In the face of what were likely the worst human rights abuses of any country in the Western hemisphere at the time, HRW barely lifted a finger. HRW never hosted a press conference criticizing the coup or post-coup atrocities. In contrast to HRW’s appeals to the Organization of American States’ Inter-American Democratic Charter for Venezuela and Cuba, HRW never publicly invoked the Charter in the case of Haiti, even as Articles 20 and 21 afforded multilateral measures “in the event of an unconstitutional alteration of the constitutional regime.” HRW never placed an op-ed about the overthrow in a prominent newspaper. (In 2004 The New York Times alone published at least five HRW opinion pieces and four HRW letters on other subjects.) It is reasonable for outside observers to question whether this lack of response from HRW to such large-scale human rights violations had anything to do with U.S. foreign-policy priorities.

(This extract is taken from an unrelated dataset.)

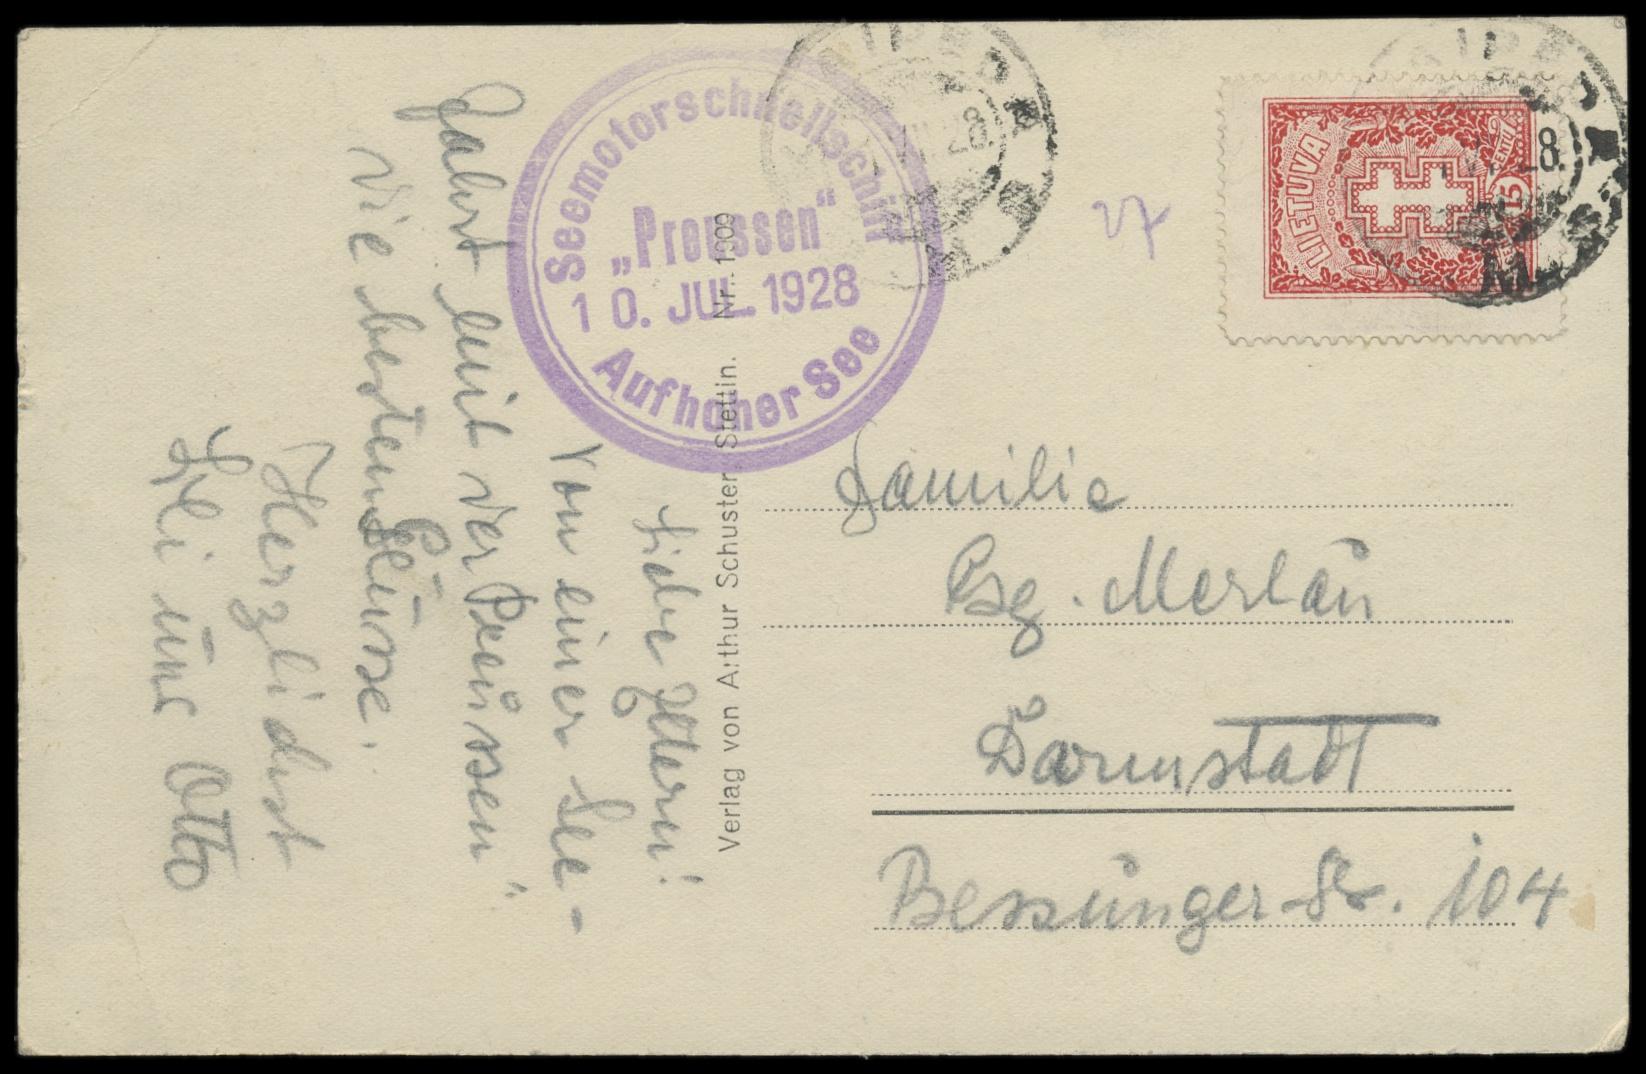 Lot 2435 - Main catalogue Memel -  Peter Harlos Auctions 42. Harlos Auktion

The very existence of such questions regarding HRW’s advocacy should be reason enough to impose sharp restrictions on HRW`s close ties to the U.S. government. Given the impact of global perceptions on HRW’s ability to carry out its work, simply the appearance of impropriety can impede HRW’s effectiveness. Closing HRW`s revolving door would be an important first step to allaying or preempting concerns that HRW`s priorities are compromised. 

Concrete evidence of a revolving-door phenomenon between HRW and the U.S. government renders crucially incomplete your admission that “it is true that some served in the US government before or after their involvement with Human Rights Watch.” We provided examples of those who served in the U.S. government both before and after their involvement with HRW, a norm widely recognized to generate perverse incentives and undermine an institution`s reputation for independence. 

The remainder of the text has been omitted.